Concerns have been expressed that the Canadian criminal justice system discriminates based on DSM IV diagnosis within the context of Part XX of the Criminal Code. This part sets out provisions for, among other things, court ordered attempts at "treatment" before individuals receive a trial as described in section 672.58 of the Criminal Code. Also provided for are court ordered "psychiatric assessments". Critics have also expressed concerns that use of the DSM-IV-TR may conflict with section 2(b) of the Canadian Charter of Rights and Freedoms, which guarantees the fundamental freedom of "thought, belief, opinion and expression".

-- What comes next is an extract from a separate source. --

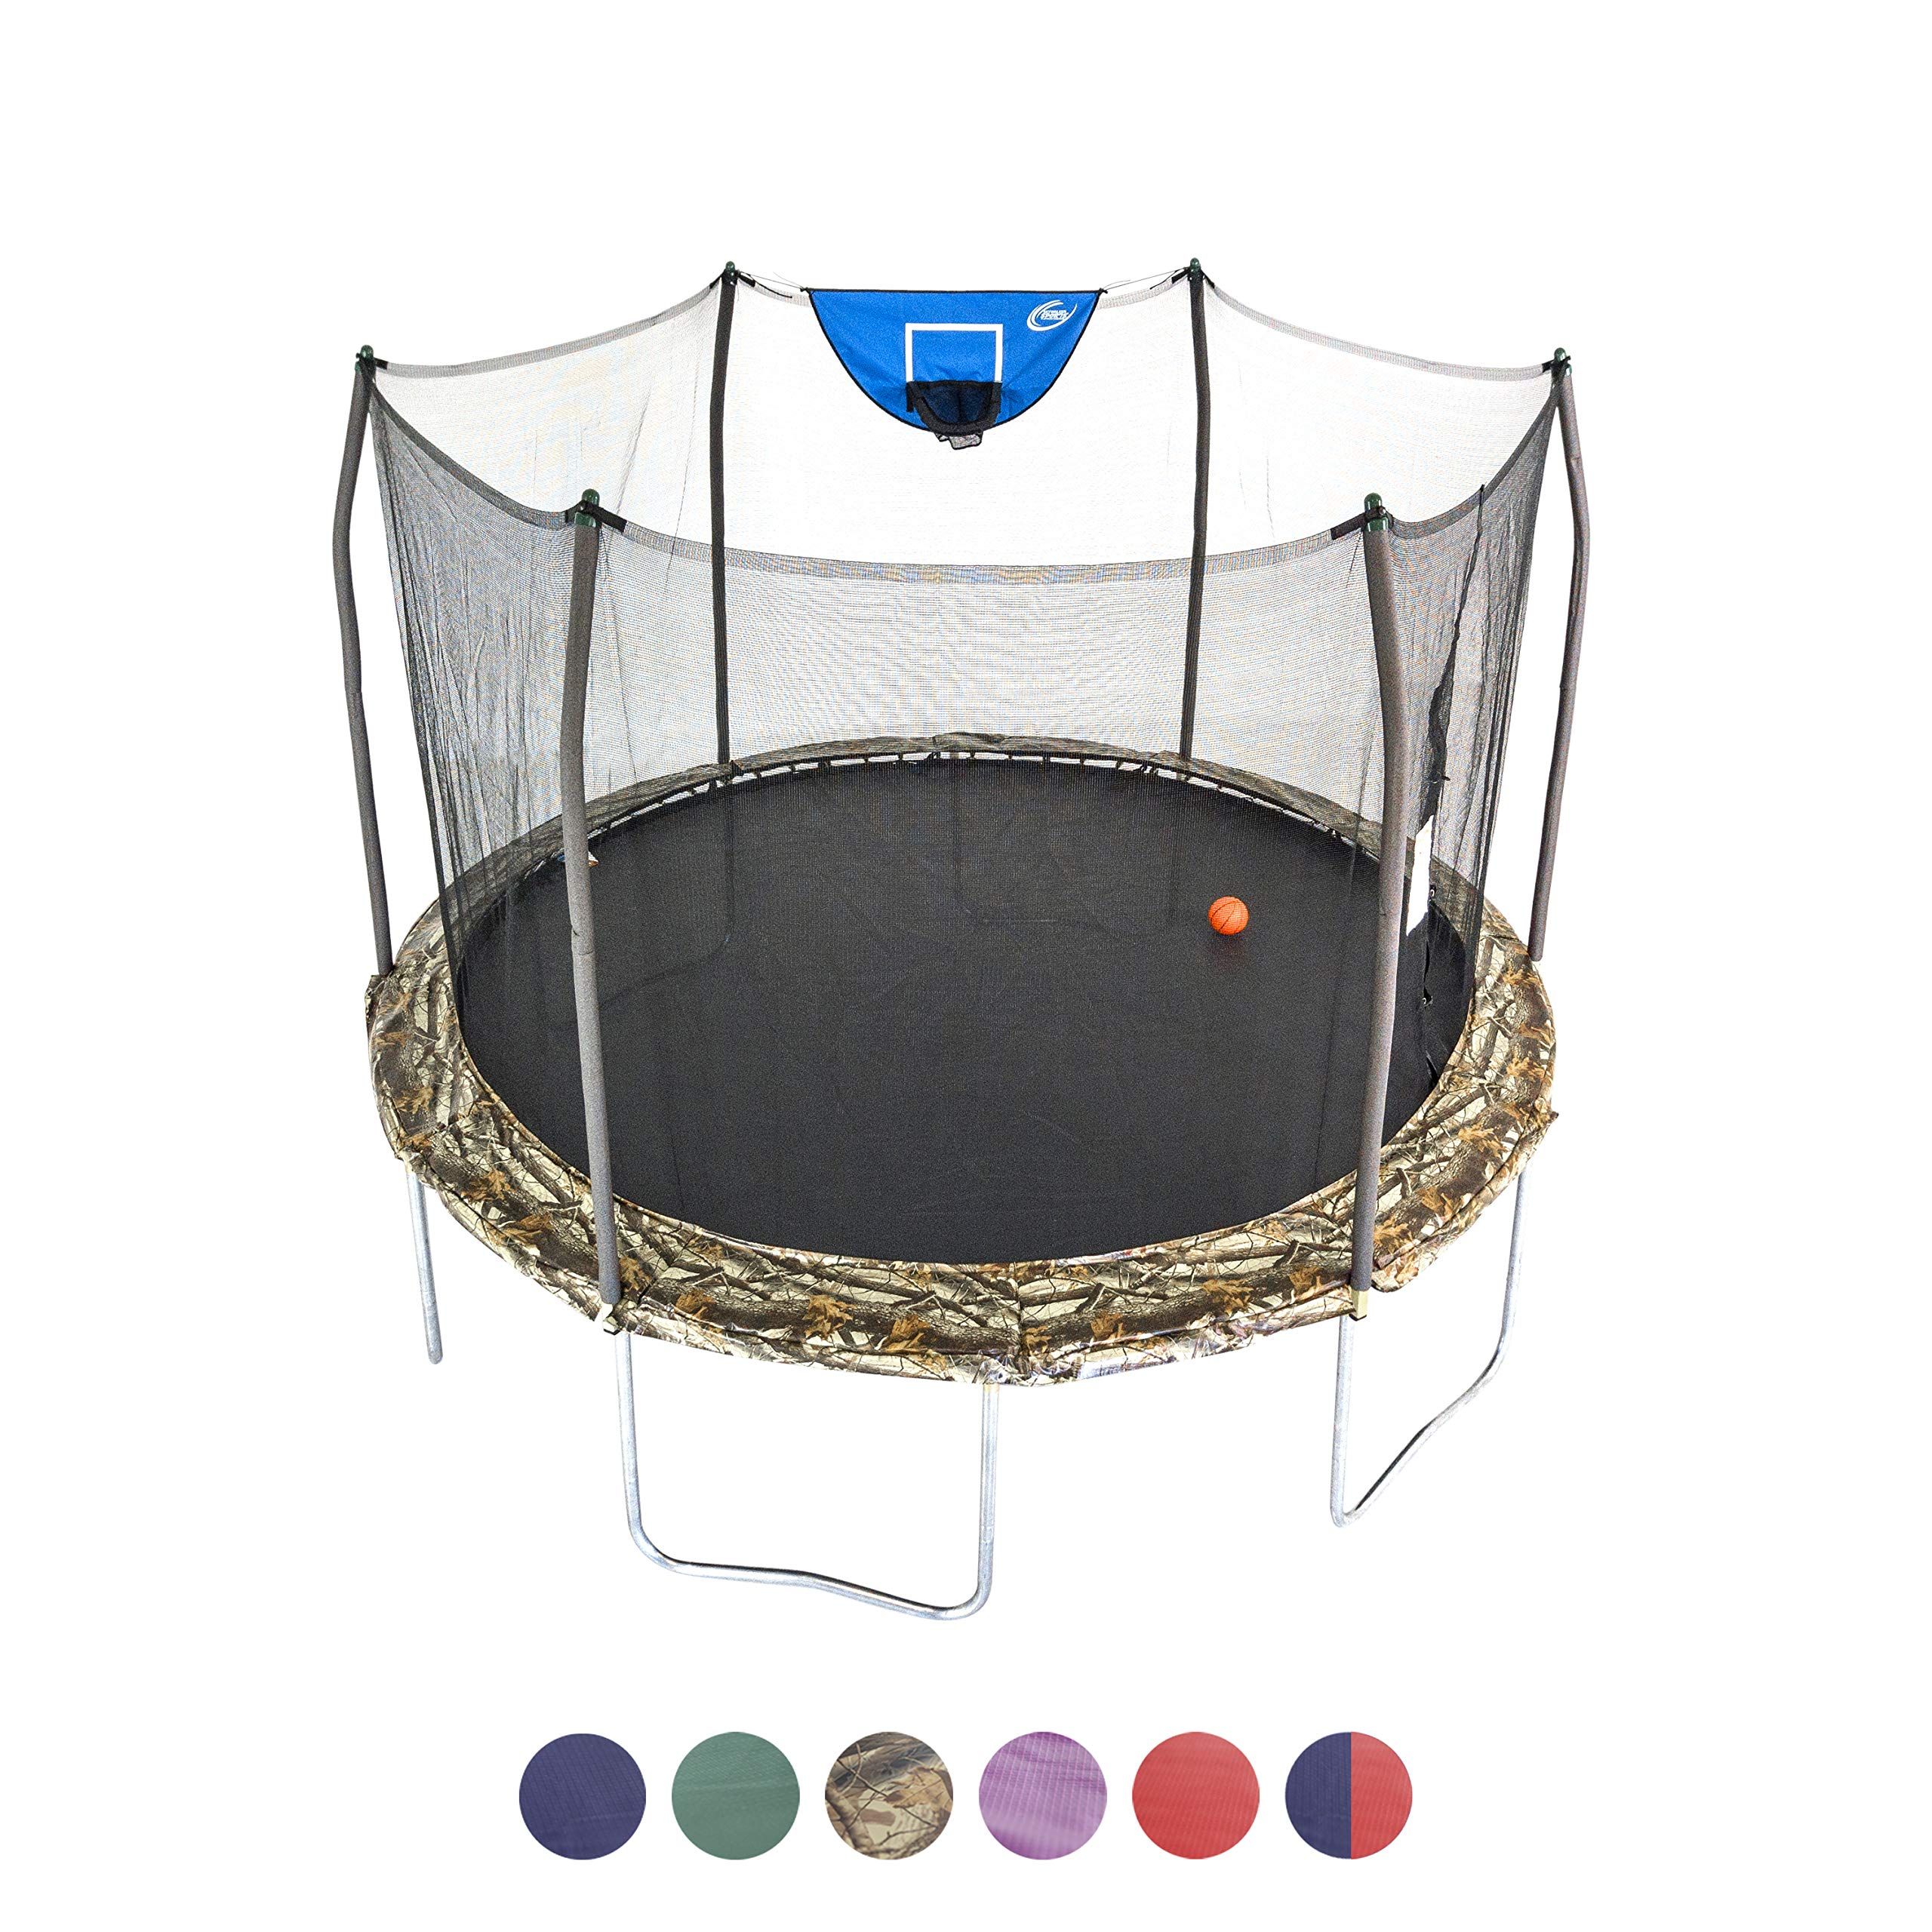 Skywalker Trampolines Trampoline Enclosure Basketball

The position of the Canadian Psychiatric Association holds that "in recent years, serious incursions have been made by governments, powerful commercial interests, law enforcement agencies, and the courts on the rights of persons to their privacy." It goes on to state that "breaches or potential breaches of confidentiality in the context of therapy seriously jeopardize the quality of the information communicated between patient and psychiatrist and also compromise the mutual trust and confidence necessary for effective therapy to occur."

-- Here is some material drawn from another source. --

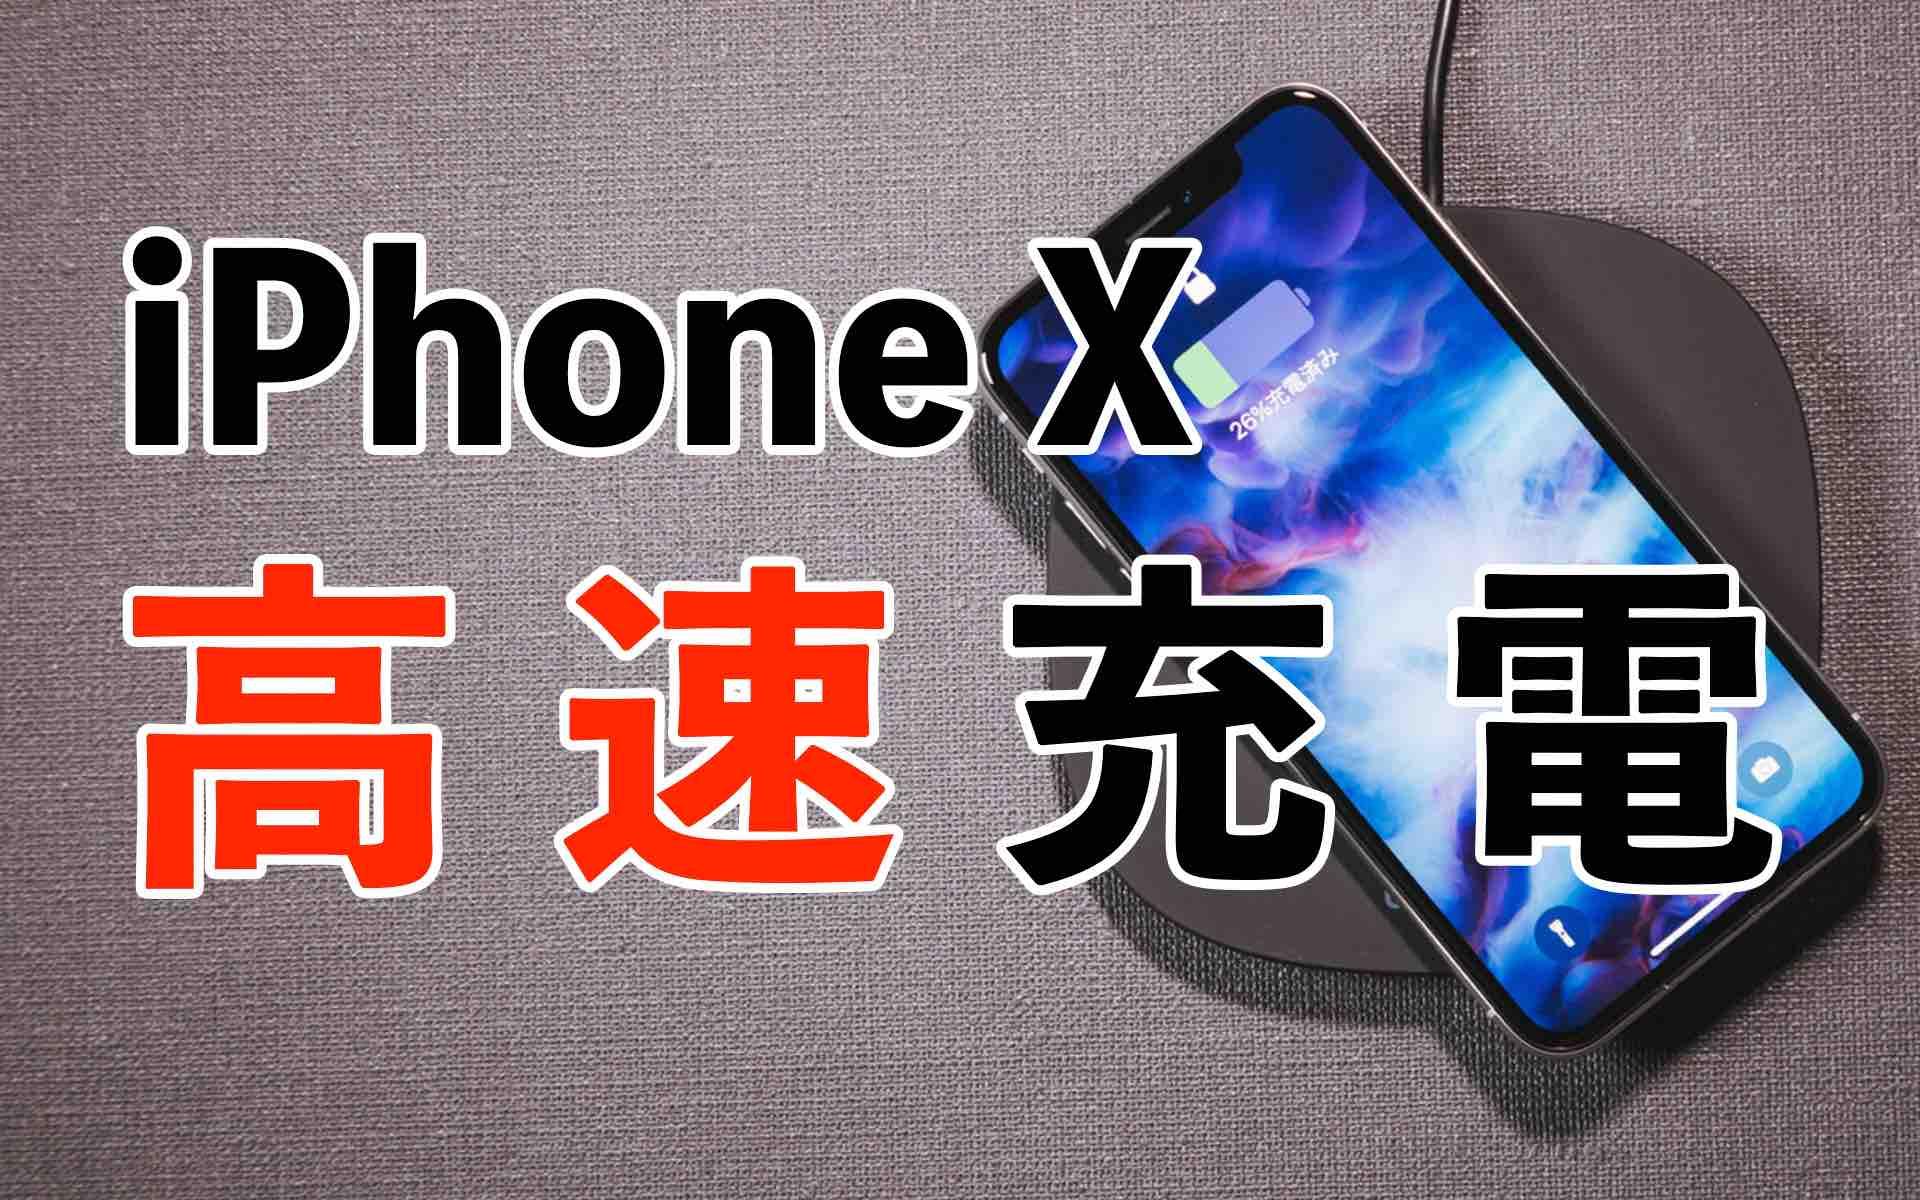 iPhoneX高速充電やバッテリー記事のアイキャッチ

An outline of the forensic psychiatric process as it occurs in the province of Ontario is presented in the publication The Forensic Mental Health System In Ontario: An Information Guide published by the Centre for Addiction and Mental Health in Toronto. The Guide states: "Whatever you tell a forensic psychiatrist and the other professionals assessing you is not confidential." The Guide further states: "The forensic psychiatrist will report to the court using any available information, such as: police and hospital records, information given by your friends, family or co-workers, observations of you in the hospital." Also according to the Guide: "You have the right to refuse to take part in some or all of the assessment. Sometimes your friends or family members will be asked for information about you. They have the right to refuse to answer questions too."
It is noteworthy that the emphasis in the Guide is on the right to refuse participation. This may seem unusual given that a result of a verdict of "Not Criminally Responsible by reason of Mental Disorder" is often portrayed as desirable to the defence, similar to the insanity defence in the United States. A verdict of "Not Criminally Responsible" is referred to as a "defence" by the Criminal Code. However, the issue of the accused's mental state can also be raised by the Crown or by the court itself, rather than solely by the defence counsel, differentiating it from many other legal defences.
In Ontario, a court ordered inpatient forensic assessment for criminal responsibility will typically involve both treatment and assessment being performed with the accused in the custody of a single multi-disciplinary team over a thirty- or sixty-day period. Concerns have been expressed that an accused may feel compelled on ethical, medical or legal grounds to divulge information, medical, or otherwise, to assessors in an attempt to allow for and ensure safe and appropriate treatment during that period of custody .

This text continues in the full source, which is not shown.